Pour l'utilisateur, cela signifie que les hausses de prix vont se poursuivre. Les négociations entre sidérurgistes et constructeurs d'automobiles, qui se déroulent en ce moment, sont placées sous le signe des augmentations. En Allemagne, un constructeur aurait déja accepté une hausse de 80 marks la tonne (environ 280 francs) pour les produits plats et l'on parle de 200 à 250 marks d'augmentation (700 à 850 francs) pour les aciers de construction mécanique. En France, les chiffres qui circulent sont de 200 francs la tonne pour les produits plats et 300 à 400 francs pour les aciers de construction mécanique.

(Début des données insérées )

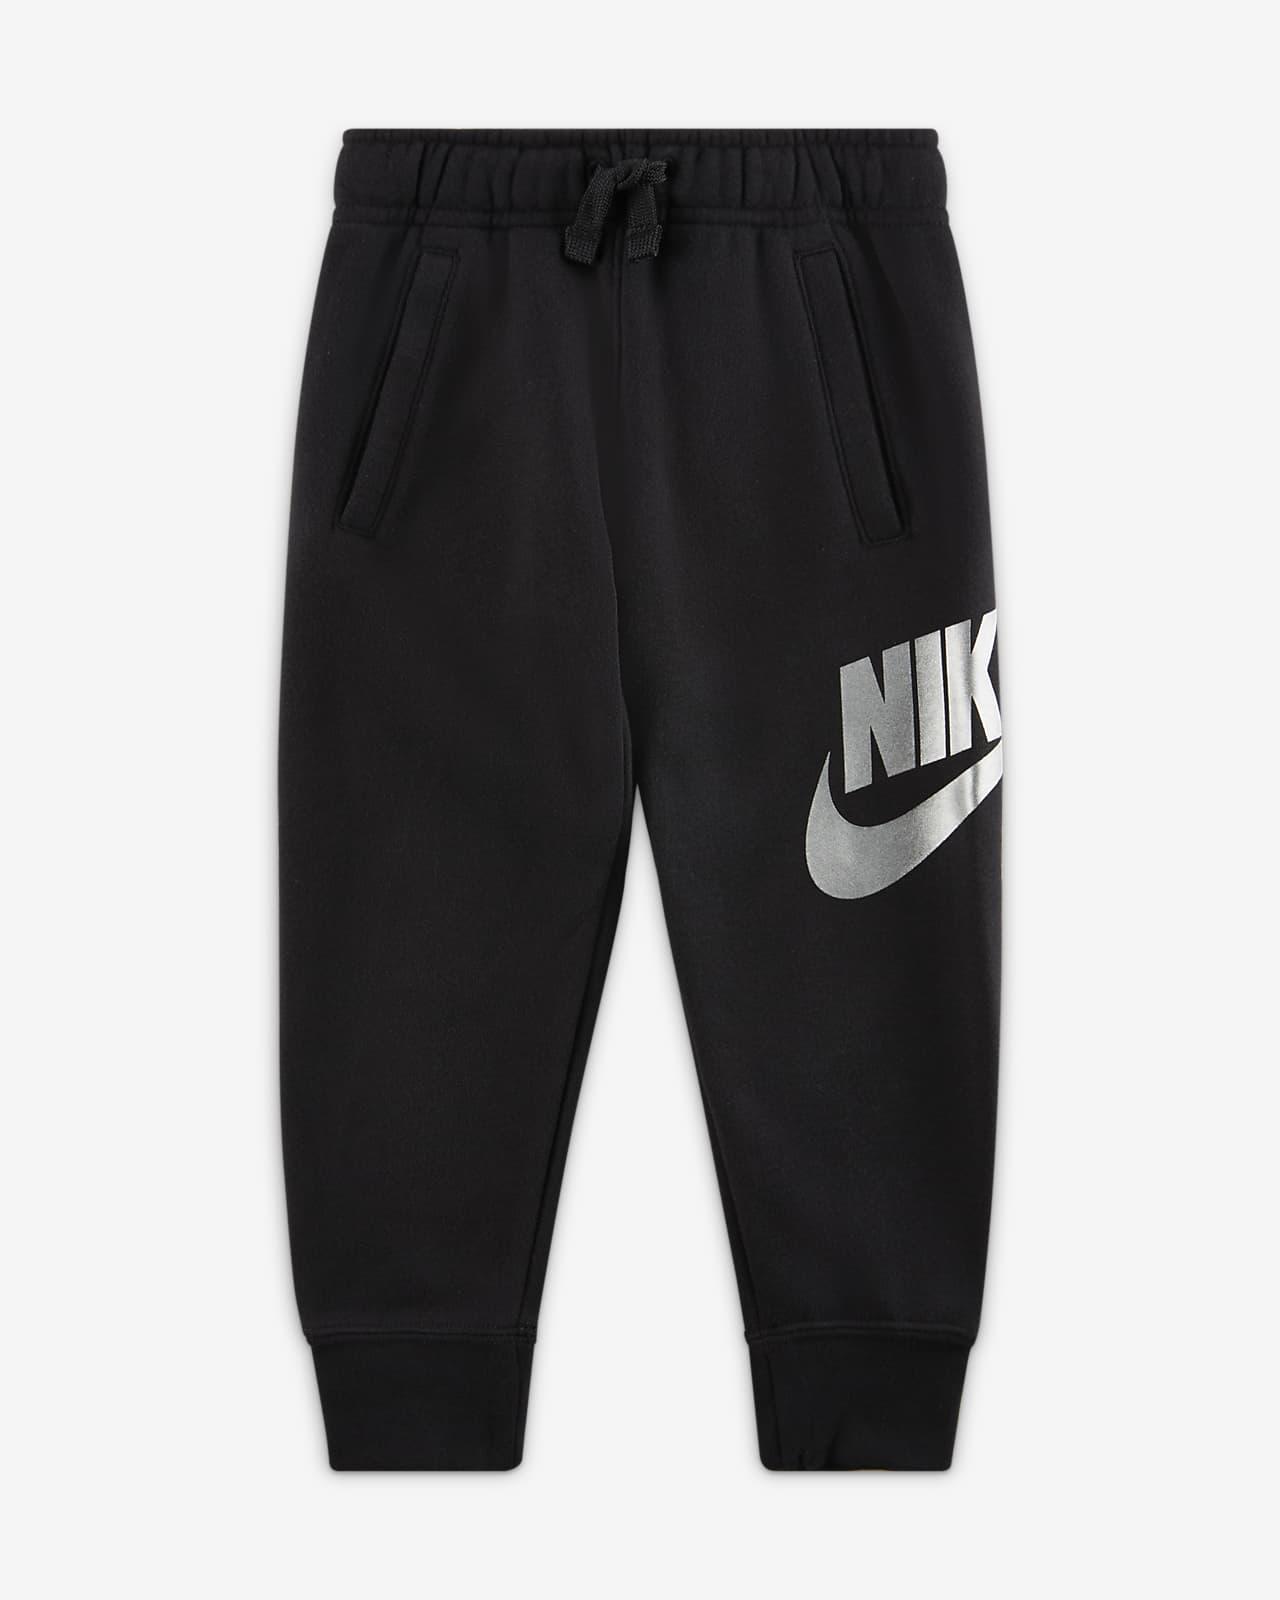 Nike Sportswear Club Fleece 幼童运动裤

Profitant de l'allongement des délais de livraison et du désir des clients d'assurer leurs approvisionnements, les producteurs d'acier préparent des hausses sensibles en 1995. Trois augmentations de 100 francs la tonne sont ainsi prévues en janvier, avril et septembre pour les tôles à froid et galvanisées. Pour le fil machine 50 marks (170 francs) sont annoncées pour janvier. Mais les tréfileurssemblent décidés à ne pas accepter plus de 100 francs d'augmentation. Pour l'instant, le rapport des forces est nettement en faveur des sidérurgistes. Dans beaucoup de spécialités, le carnet de commandes du premier trimestre 1995 est déjà rempli. La plupart des importateurs d'aciers de construction mécanique ont déjà placé l'essentiel des quotas alloués par leur maison-mère au marché français. Pour tout ce qui touche au monde de l'automobile et de la mécanique, les fournisseurs refusent donc de s'engager sur des niveaux de prix annuels auprès des sous-traitants. Aux protestations de leurs clients, ils répondent que la sous-traitance n'a pas répercuté dans ses prix la totalité des chutes de prix dont elle a bénéficié lors de la crise.

Accalmie de la demande

Mais la situation est peut-être moins figée qu'il n'y paraît. Si 1995 sera sans doute une bonne année pour l'automobile, l'activité reste moyenne dans de nombreux domaines, voire médiocre pour le B-TP (à l'exception notable de l'Allemagne). De plus, estiment certains producteurs, la demande liée à la reconstitution des stocks et aux achats de précaution devrait diminuer. Un phénomène qui se traduit depuis la rentrée par une diminution des entrées mensuelles de commandes enregistrées par Ascométal. Il est vrai que le rythme constaté avant les vacances était anormalement élevé. Si les tensions sur les approvisionnements en acier sont toujours là, le doute subsiste donc sur ce qui se passera à partir de la mi-1995. Les exportations ont joué un rôle non négligeable dans la remontée des prix. En 1993, la sidérurgie européenne a dégagé un solde exportateur net de 18 millions de tonnes, au lieu des 10 millions de tonnes atteints à l'ordinaire.En 1994, ce record sera sans doute battu.Beaucoup dépend donc de la demande américaine, qui reste forte, et des importations chinoises, qui ont représenté 10% de la production mondiale l'an dernier, et seulement 3% cette année. Autre inconnue, l'attitude de la Russie et de l'Ukraine. La production d'acier de l'ex-Union soviétique a chuté de 140 millions de tonnes en 1988 à 80 millions de tonnes cette année.D'importantes capacités de production sont donc en réserve et constituent une menace potentielle. Enfin, la Commission de Bruxelles a décidé comme conséquence de l'abandon du plan de restructuration de la sidérurgie d'avancer à fin 1994 l'ouverture des frontières de l'Union européenne aux produits en provenance des pays de l'Europe centrale. Une décision qui pourrait contribuer à redonner une marge de manoeuvre aux clients de la sidérurgie.